Assignment ->
Exactly the lines from the one containing "2019 cheap ray ban sunglasses china discount" through the final line of the data below, with pictures omitted, make up the answer.

Available data ->
● ● ● ●
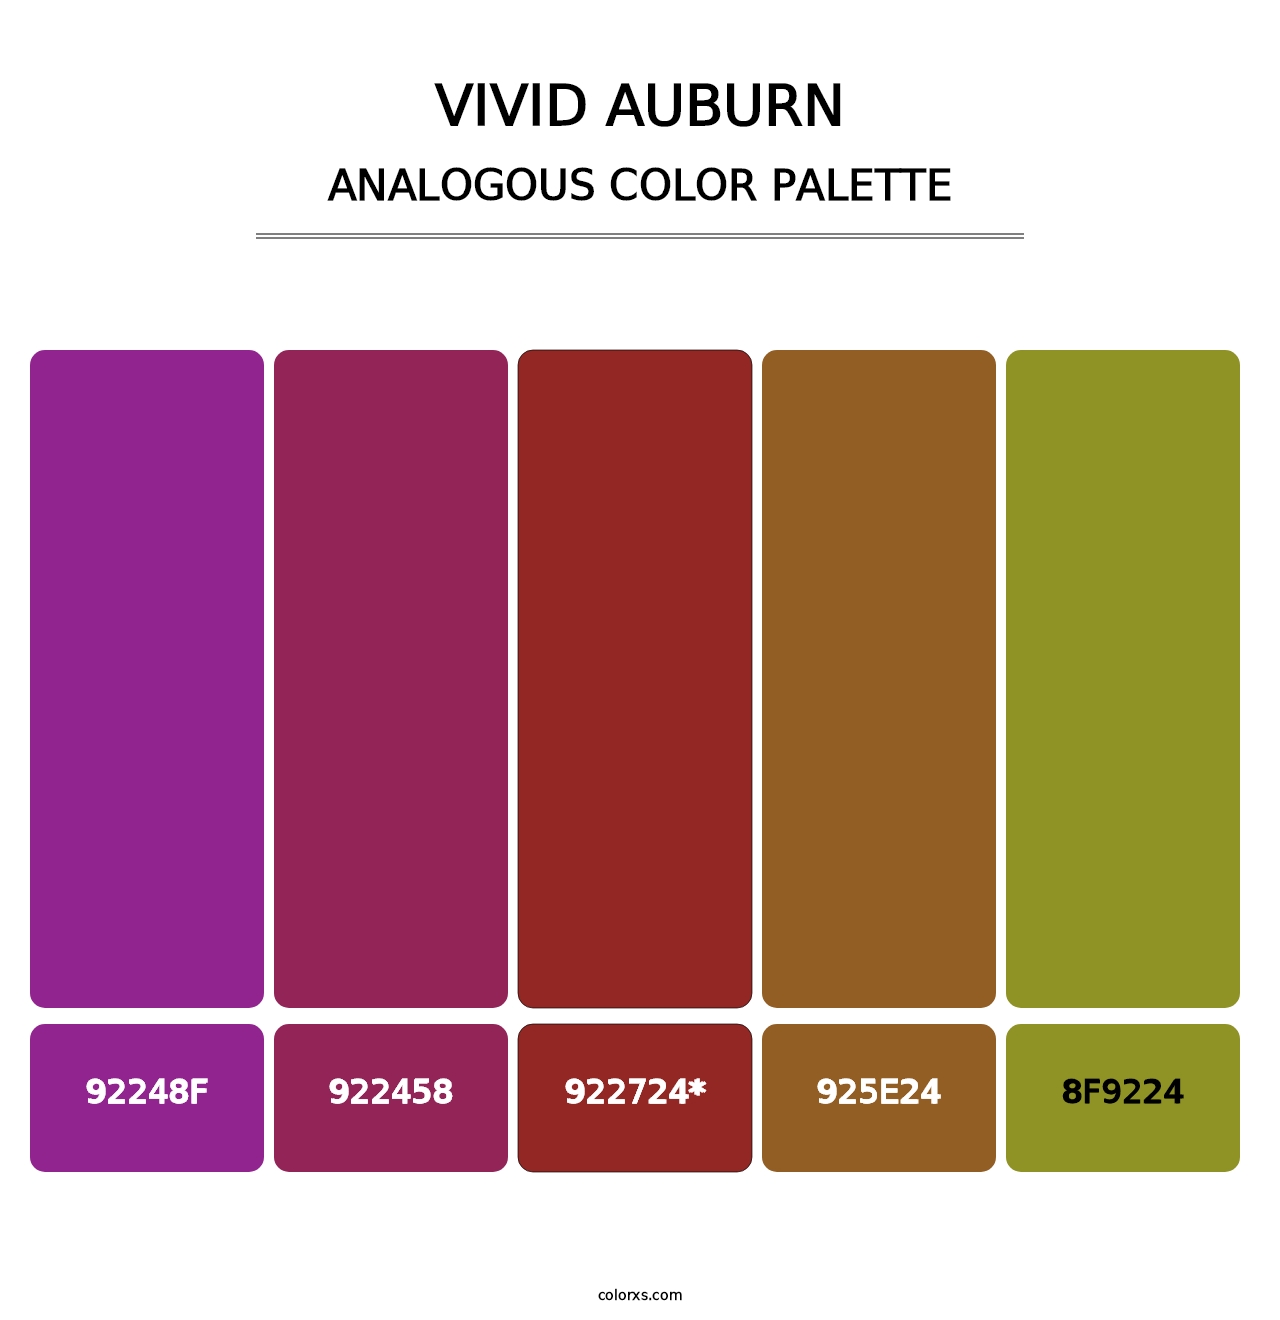 Vivid Auburn - Analogous Color Palette
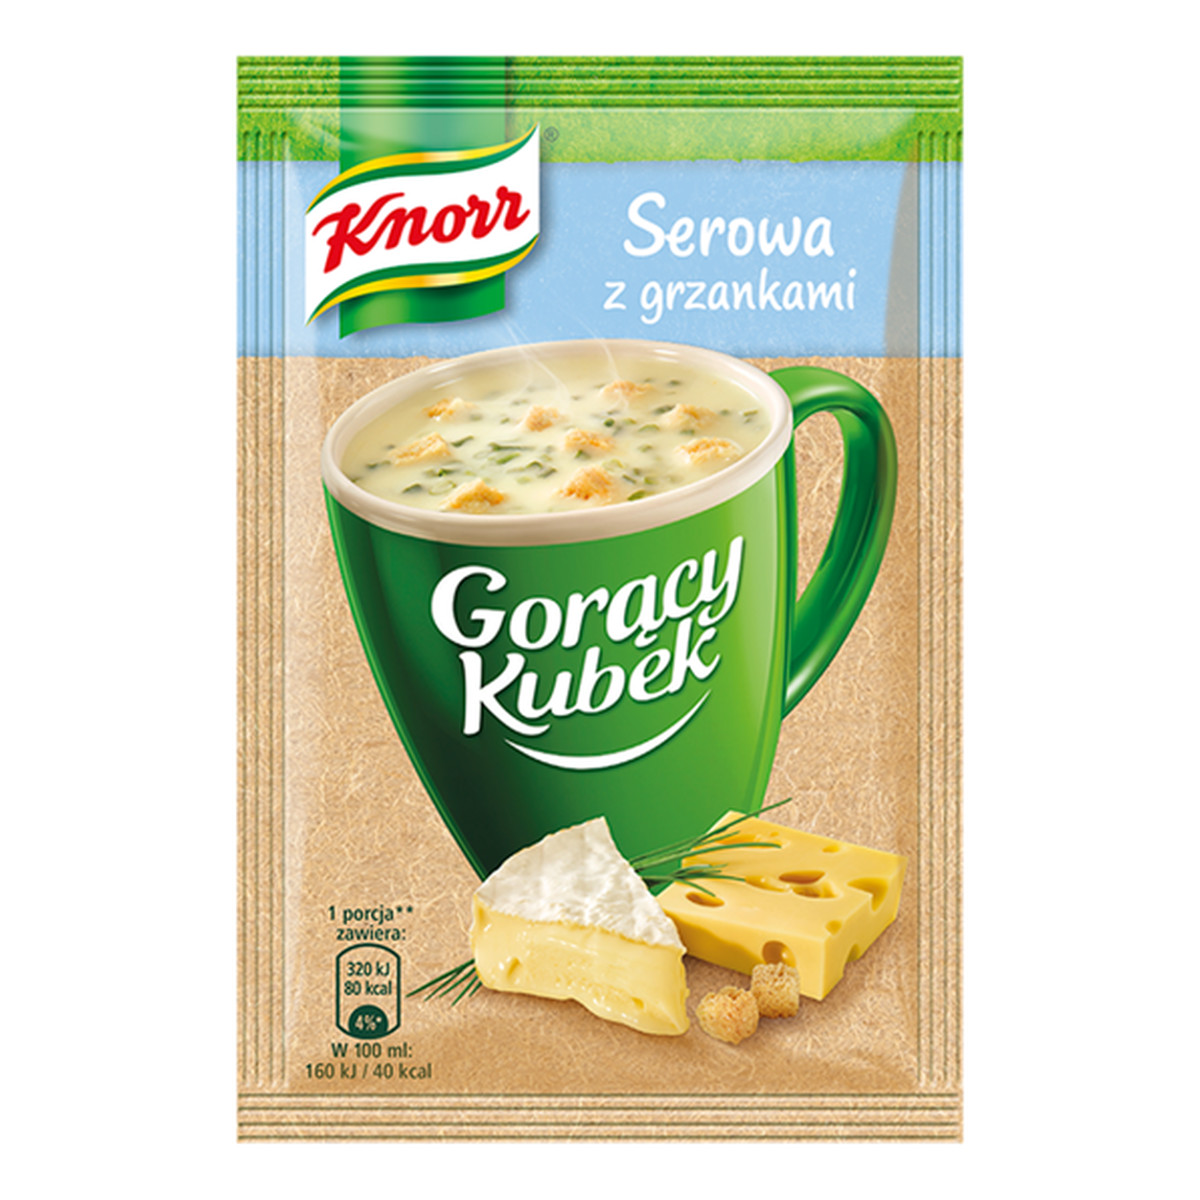 Knorr Gorący Kubek Serowa z grzankami 22g
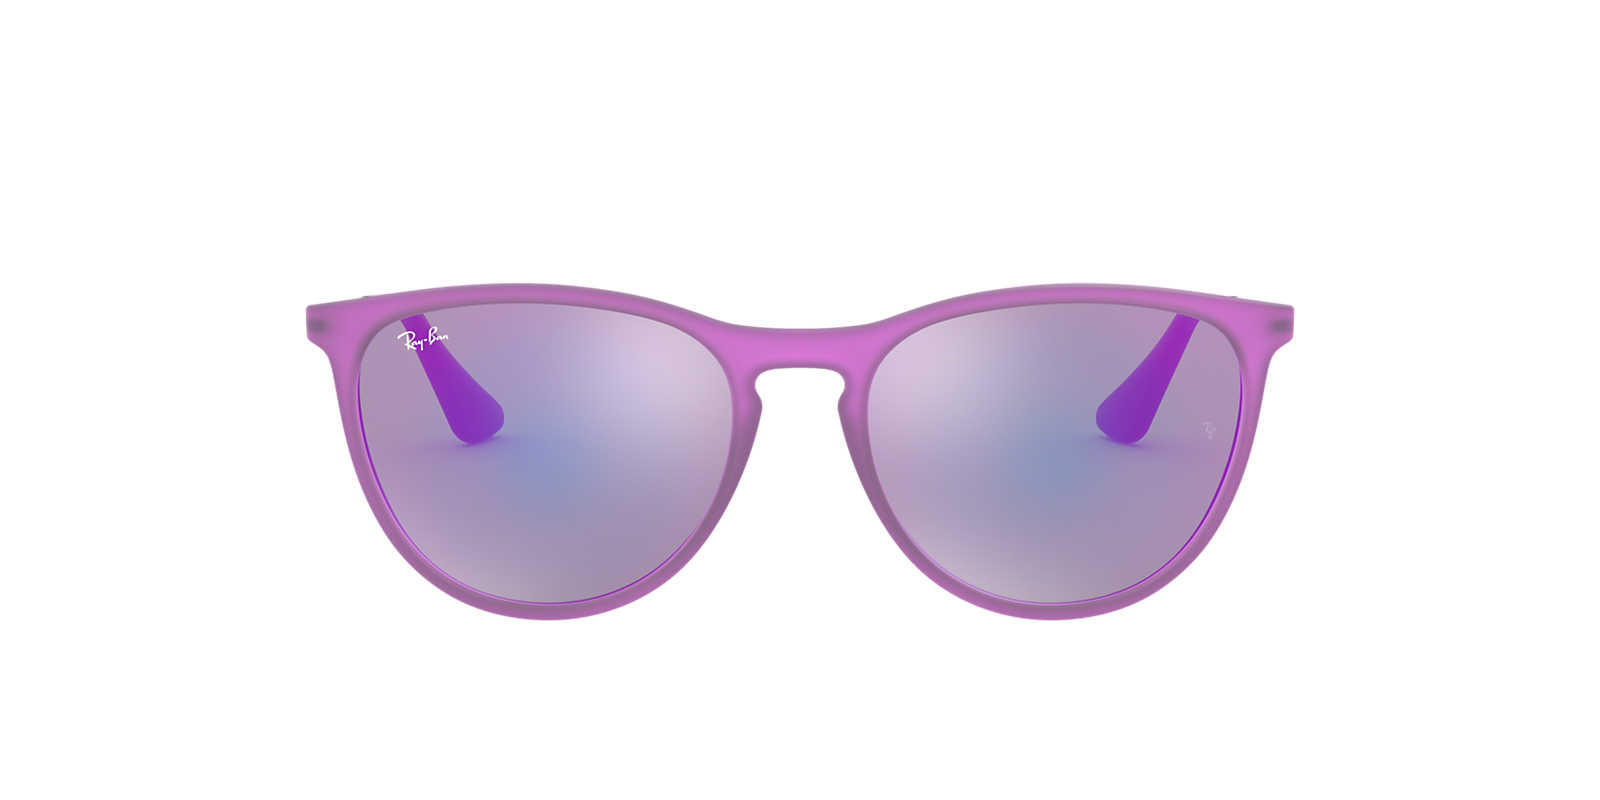 2019 cheap ray ban sunglasses china discount
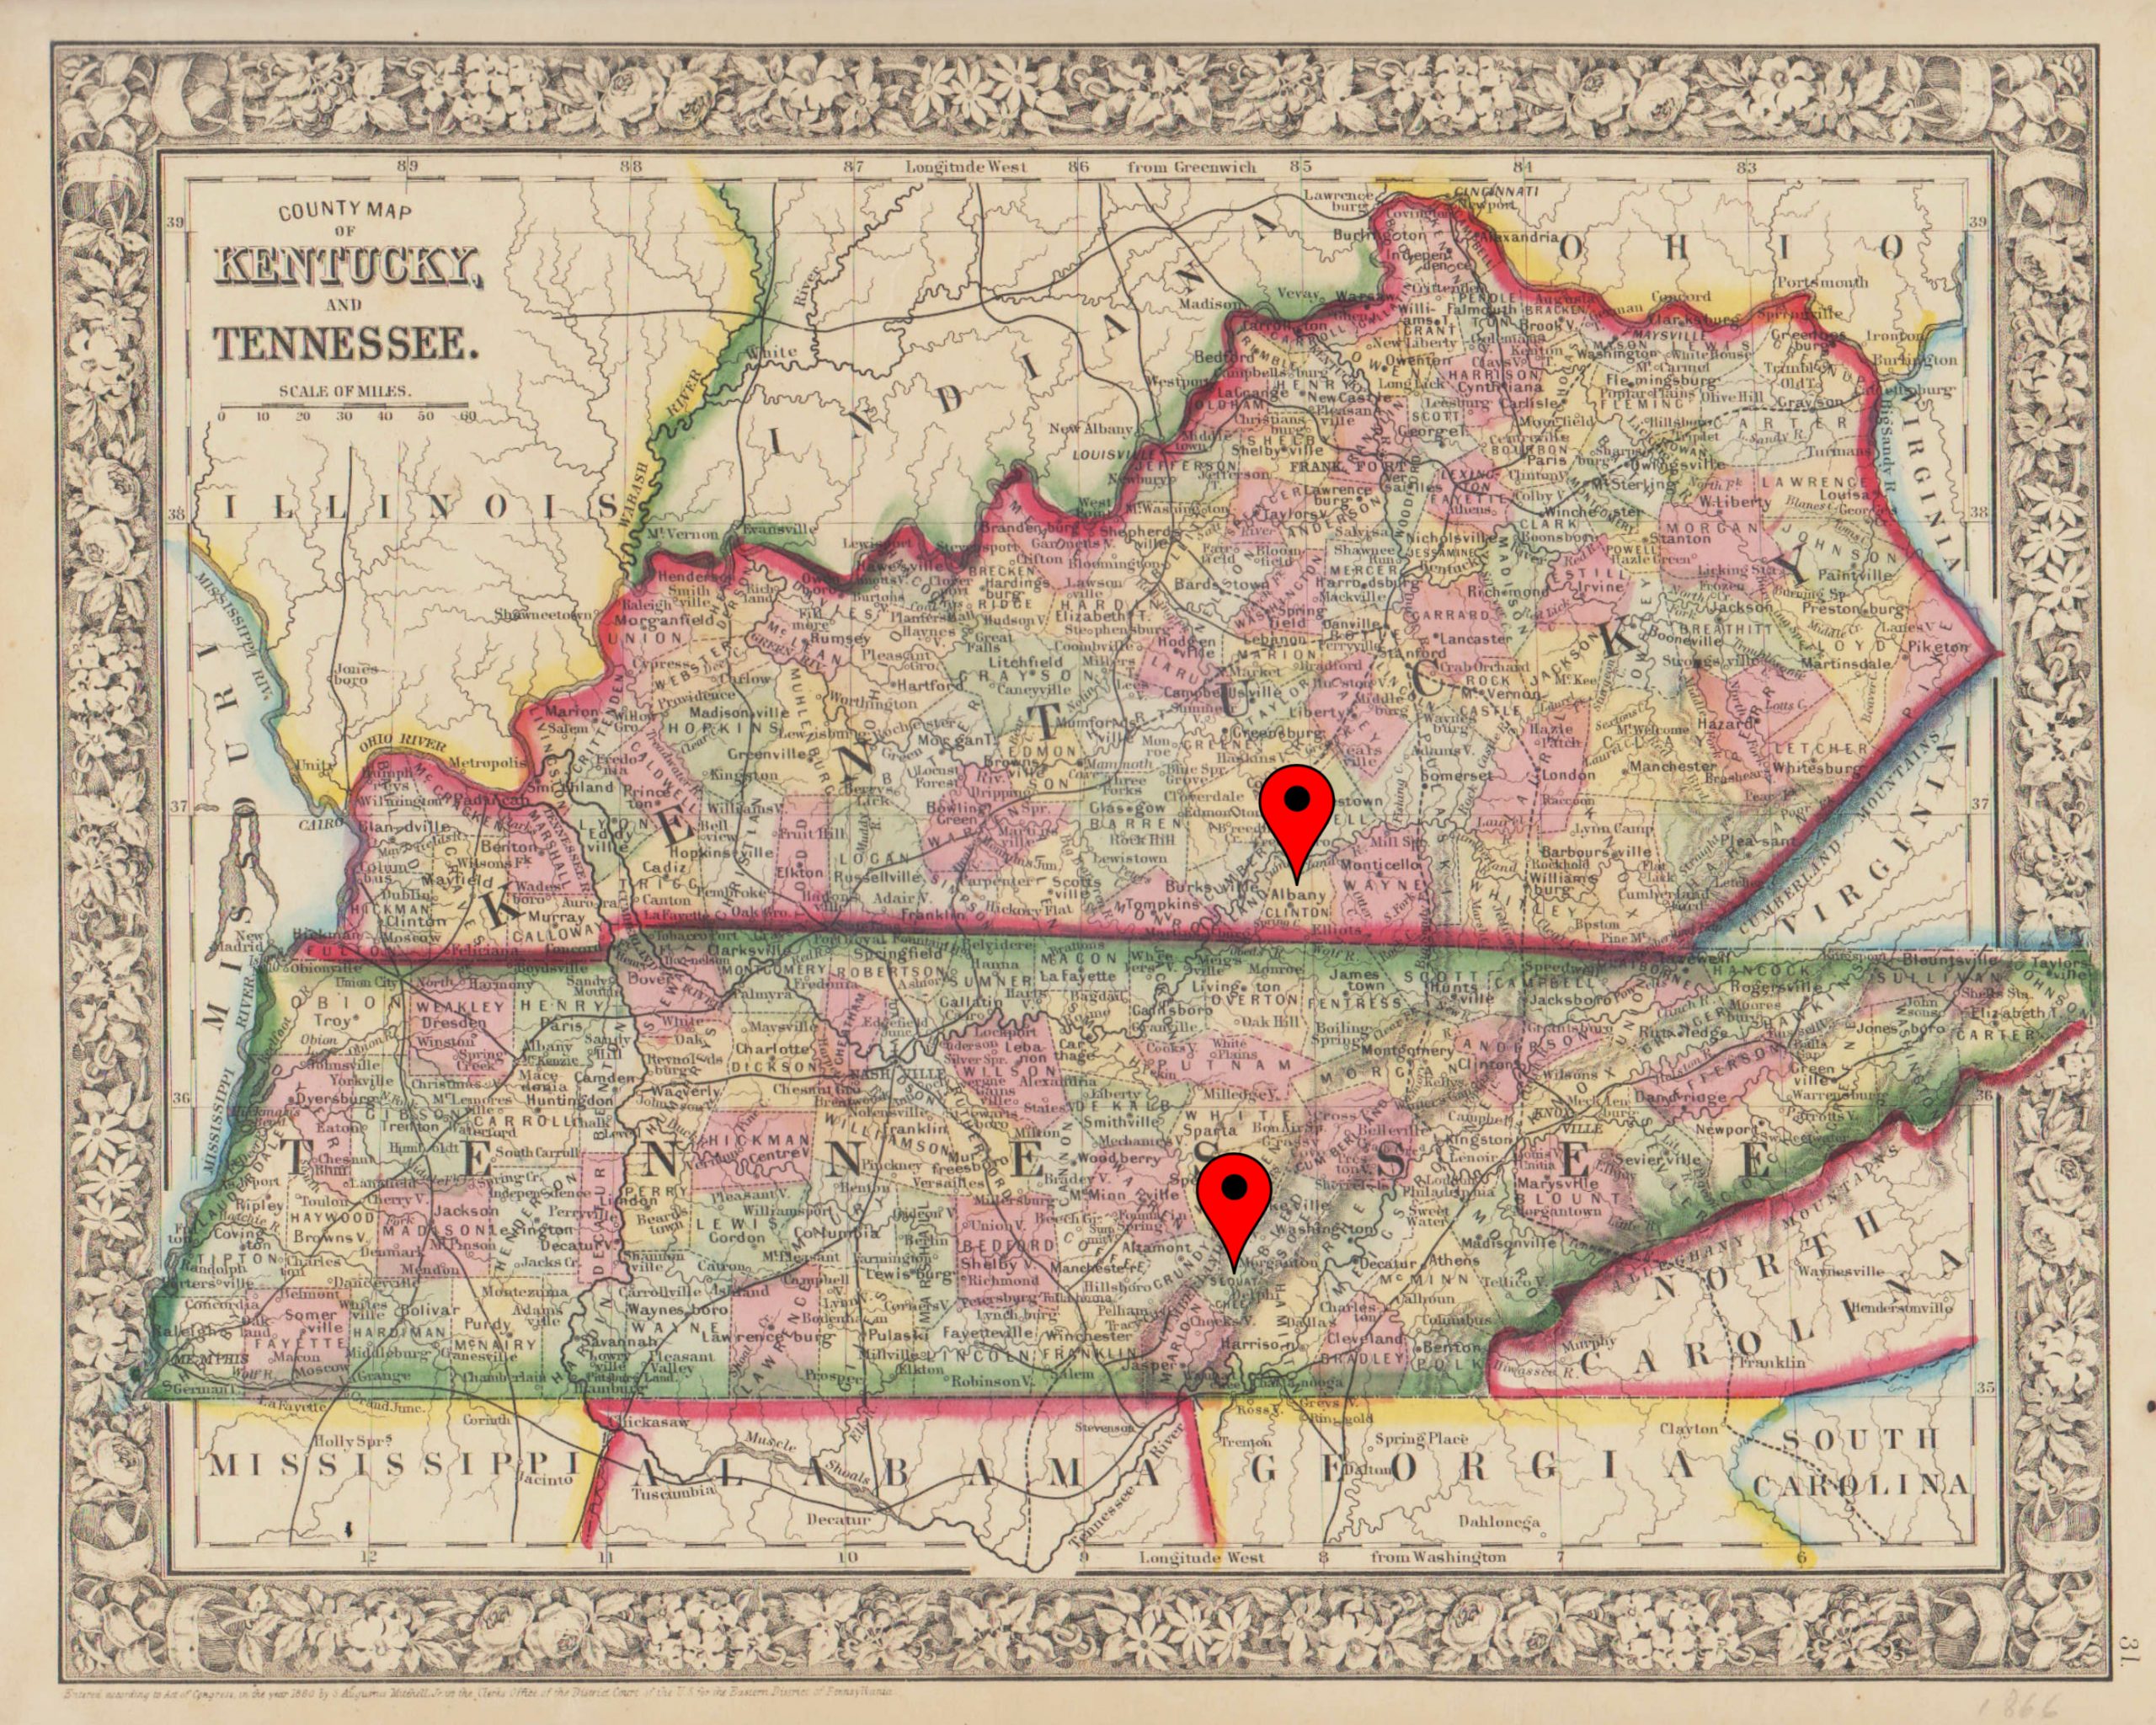 Kentucky-Tennessee 1866 Map
● ● ● ●
Task solution ->
 2019 cheap ray ban sunglasses china discount
 Kentucky-Tennessee 1866 Map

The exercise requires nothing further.